Assignment: All of the lines below are to be transcribed faithfully, with pictures excluded from the copy.

Provided material:
___
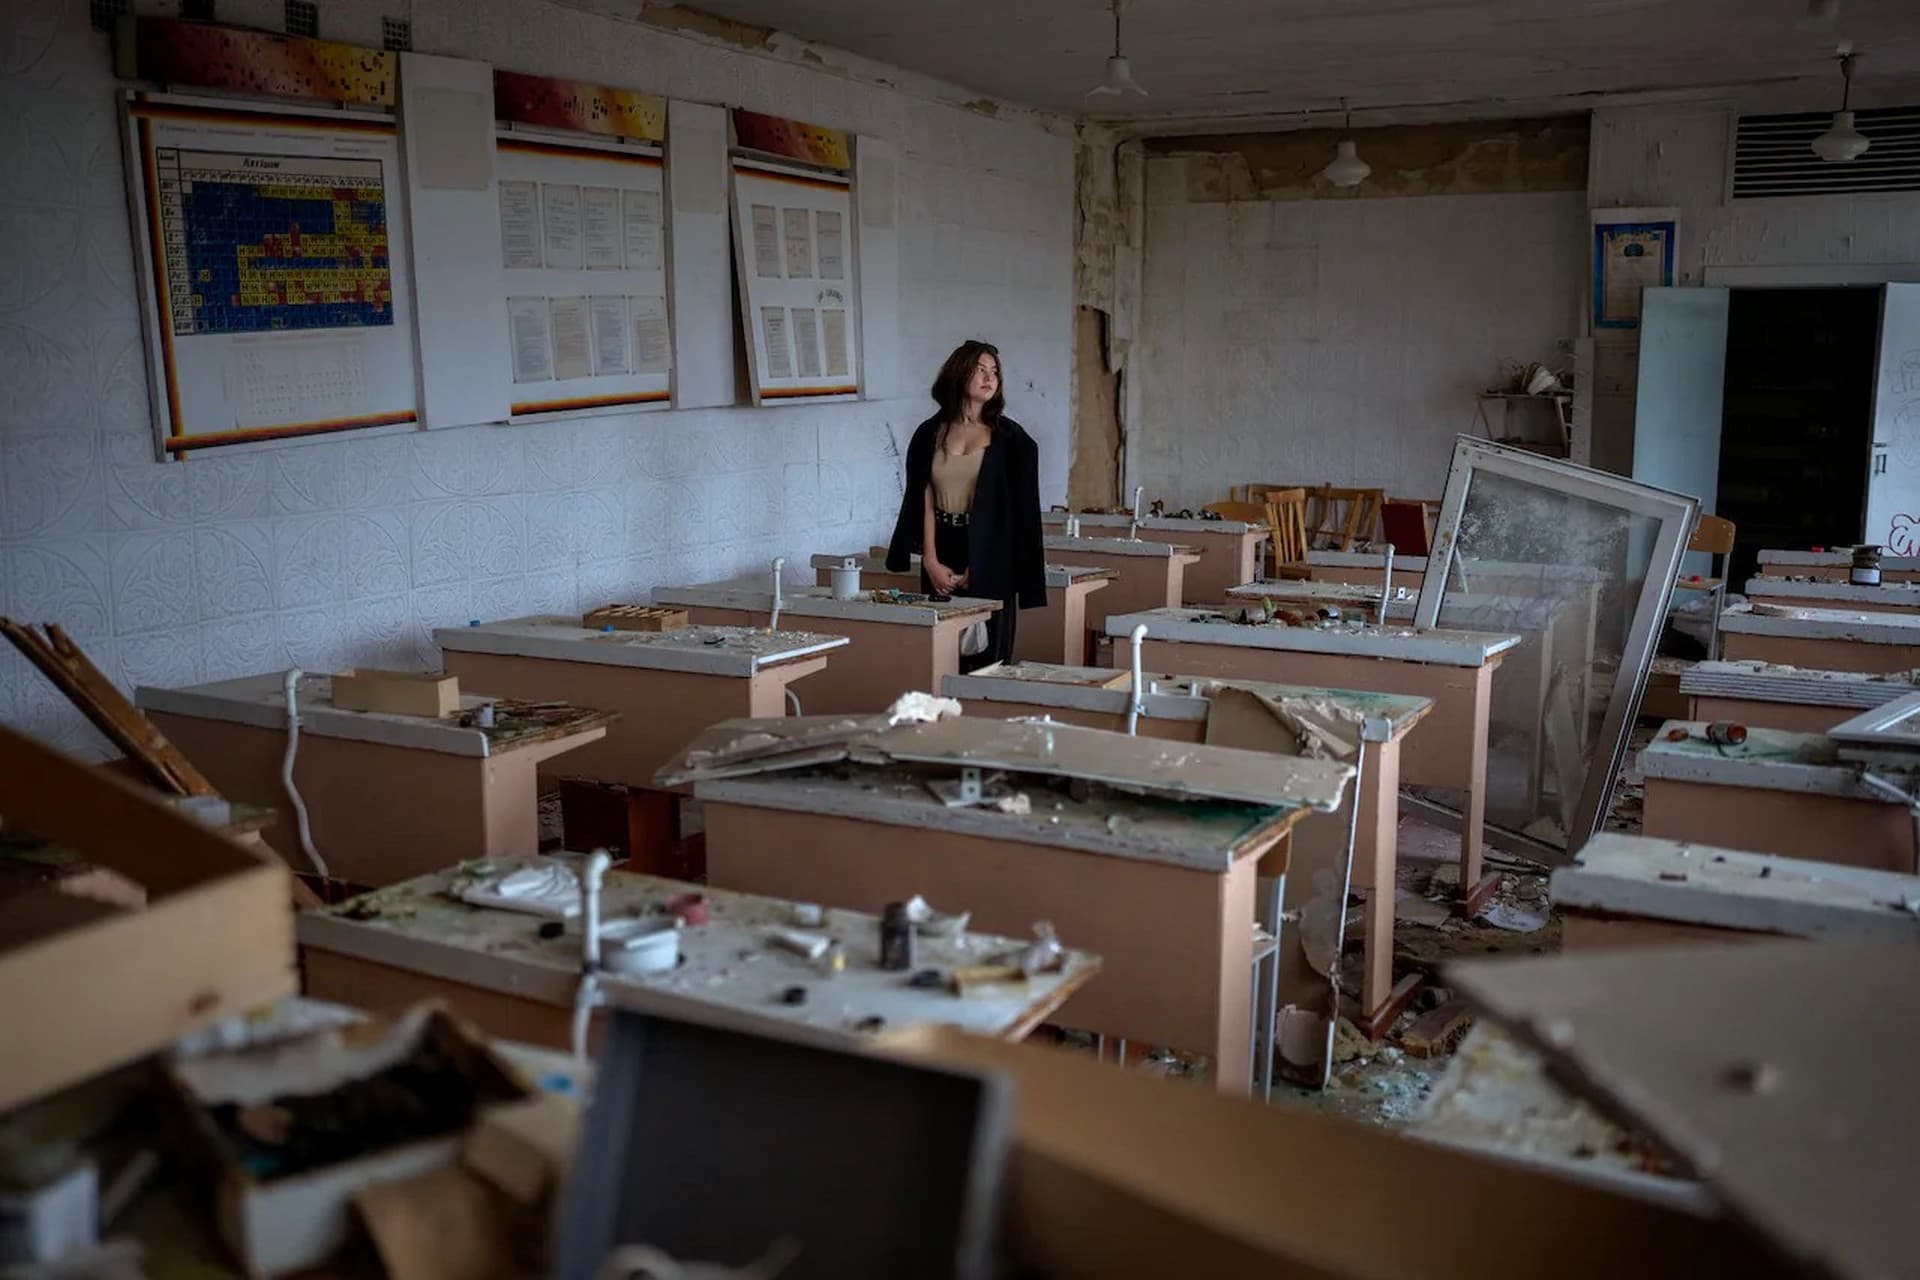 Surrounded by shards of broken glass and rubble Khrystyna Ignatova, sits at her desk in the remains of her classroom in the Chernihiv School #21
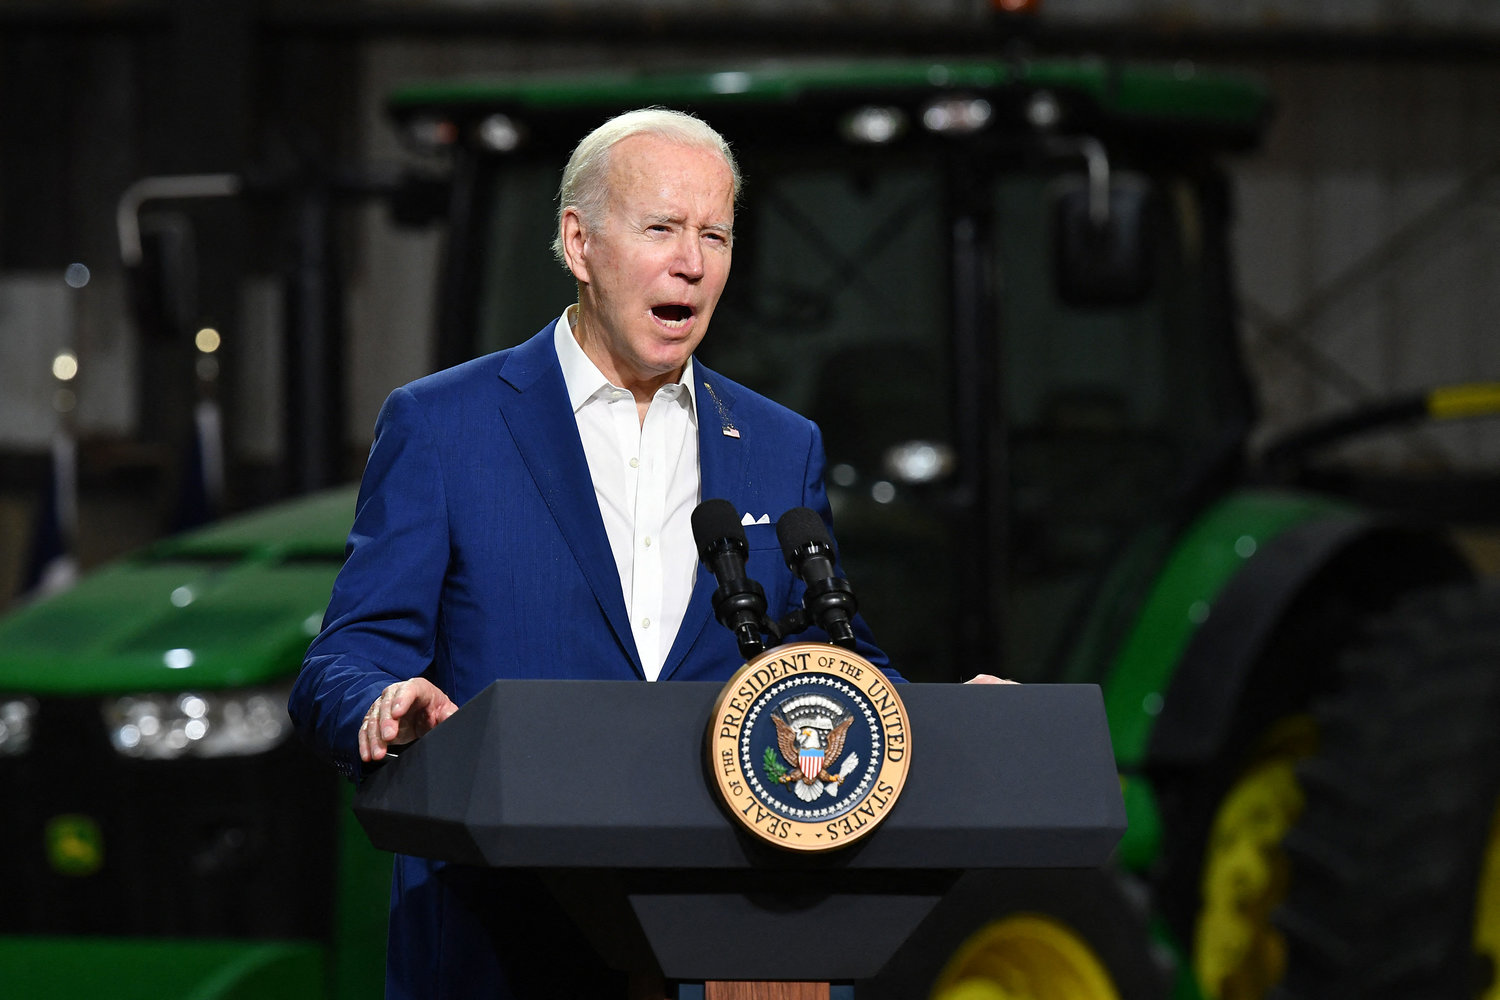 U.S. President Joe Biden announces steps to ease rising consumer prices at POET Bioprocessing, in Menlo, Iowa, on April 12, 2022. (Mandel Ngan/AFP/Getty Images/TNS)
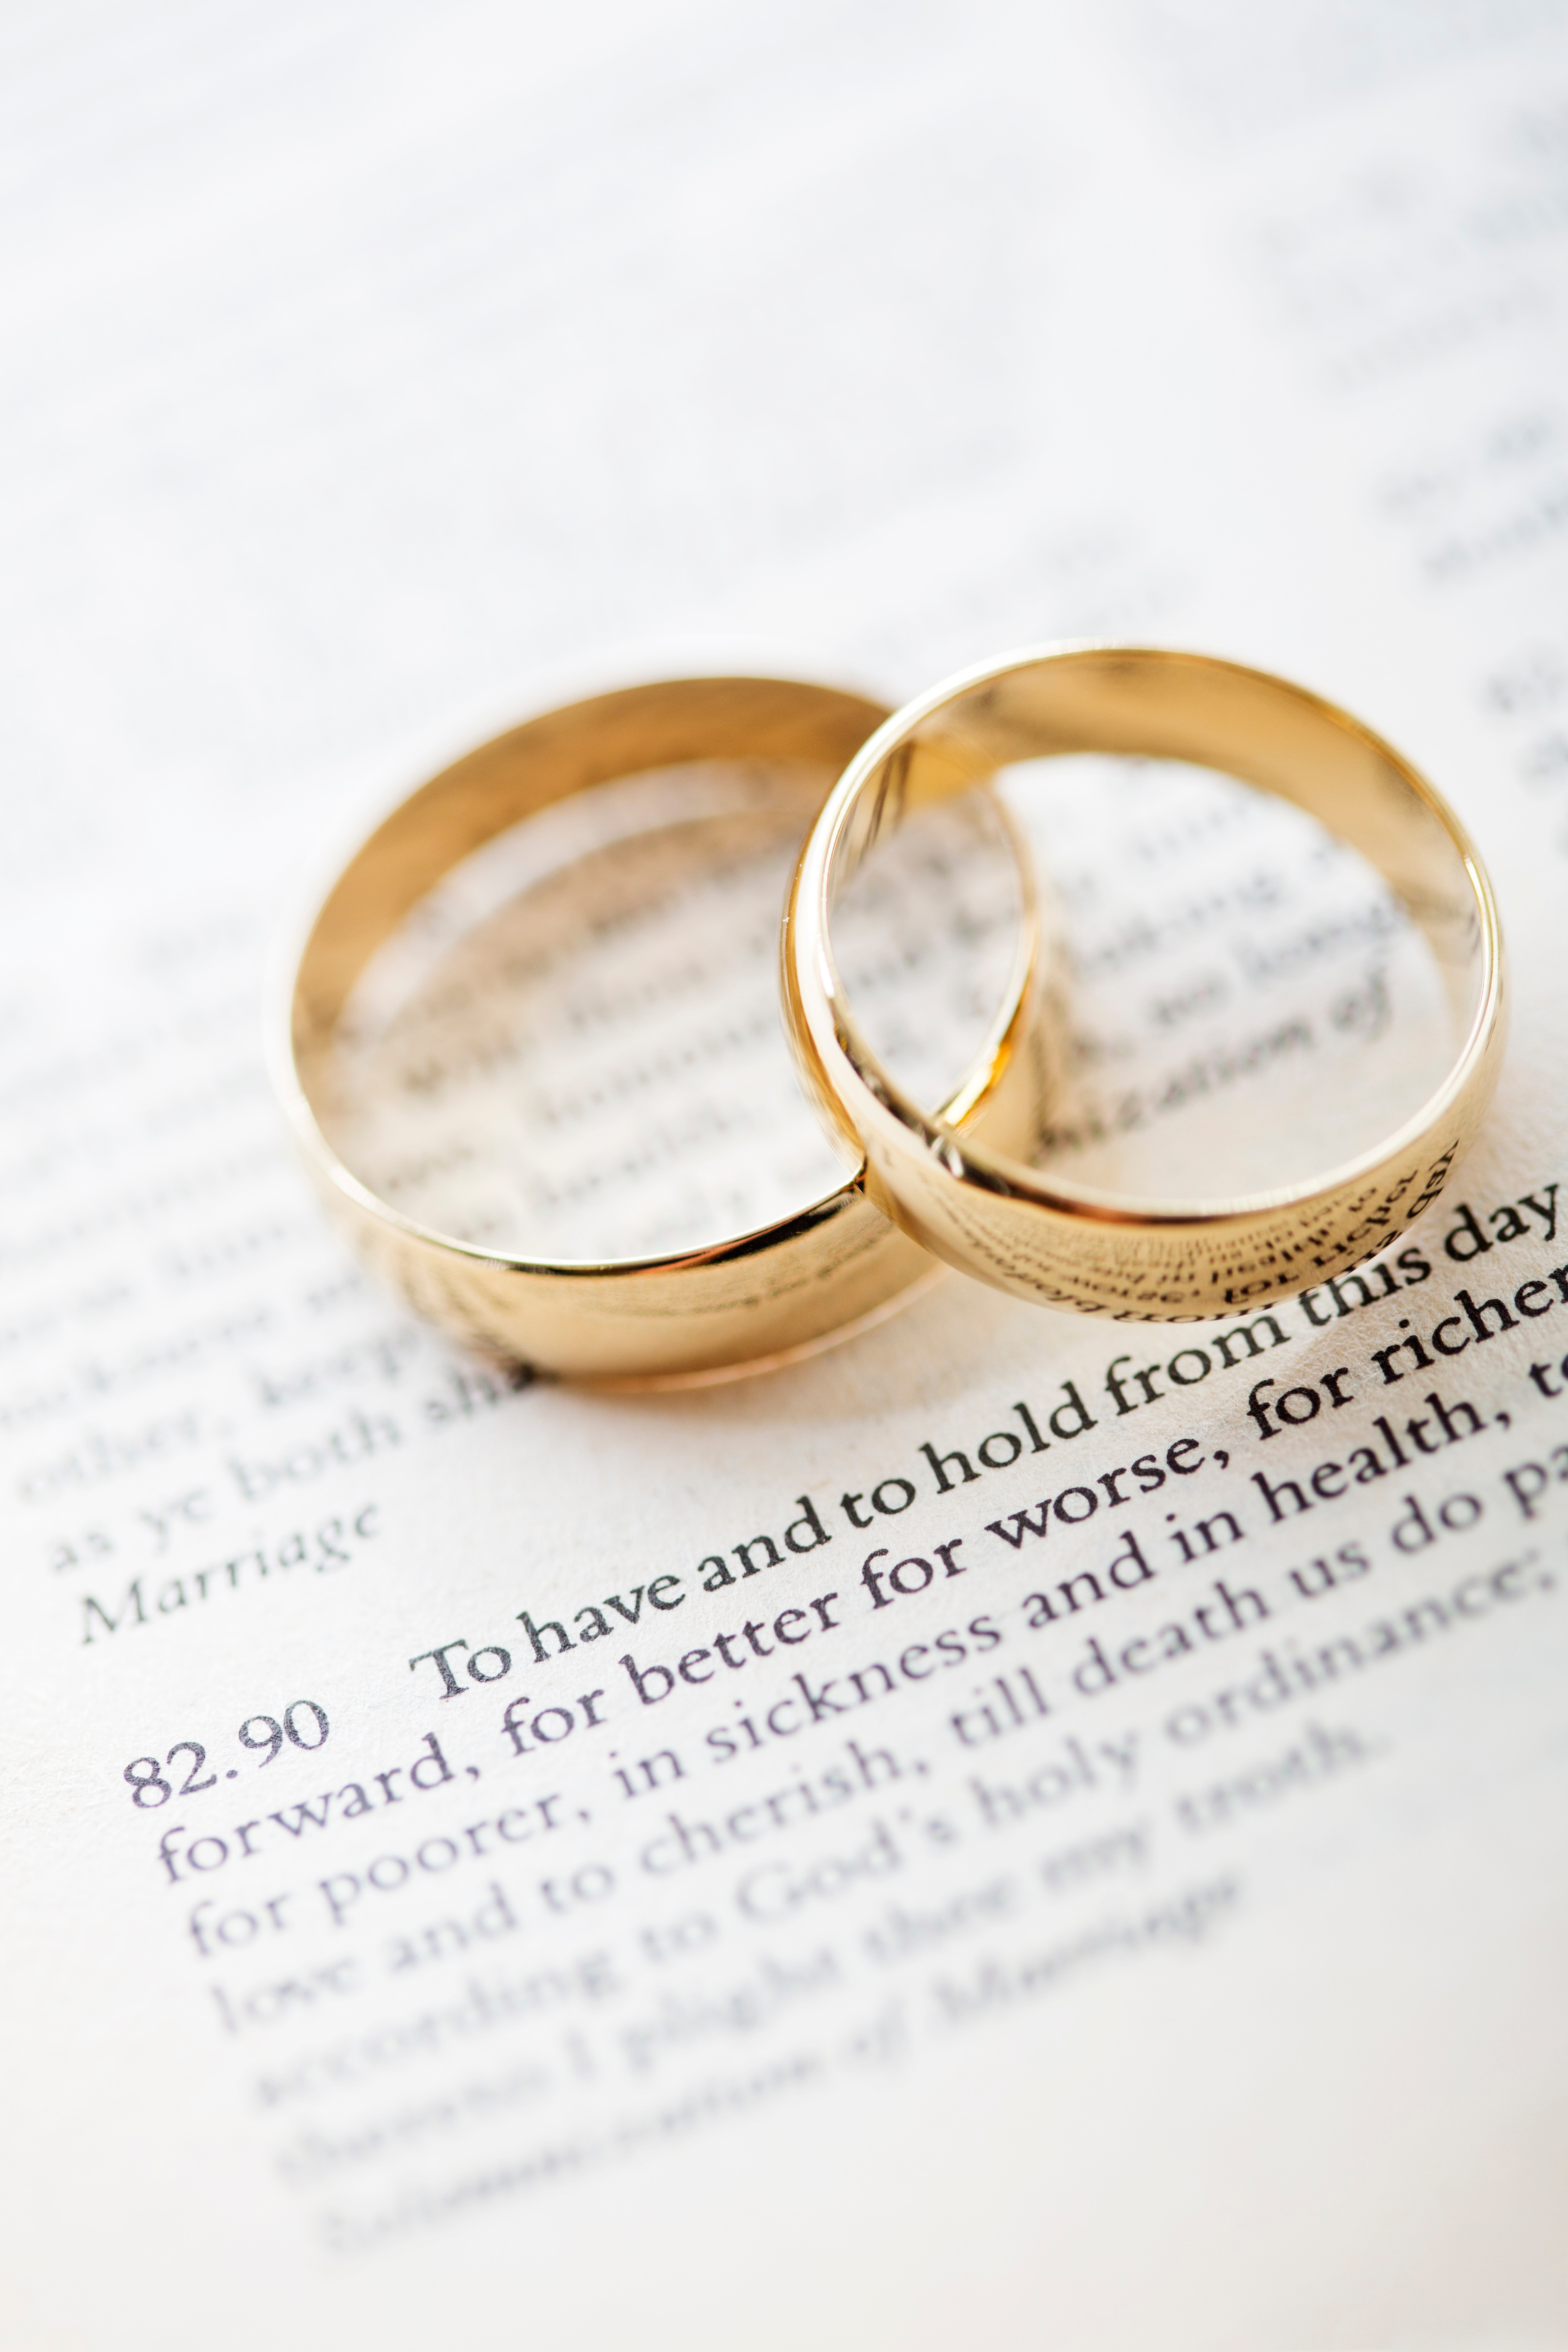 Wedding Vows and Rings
___
Result of this task:
 Surrounded by shards of broken glass and rubble Khrystyna Ignatova, sits at her desk in the remains of her classroom in the Chernihiv School #21
 U.S. President Joe Biden announces steps to ease rising consumer prices at POET Bioprocessing, in Menlo, Iowa, on April 12, 2022. (Mandel Ngan/AFP/Getty Images/TNS)
 Wedding Vows and Rings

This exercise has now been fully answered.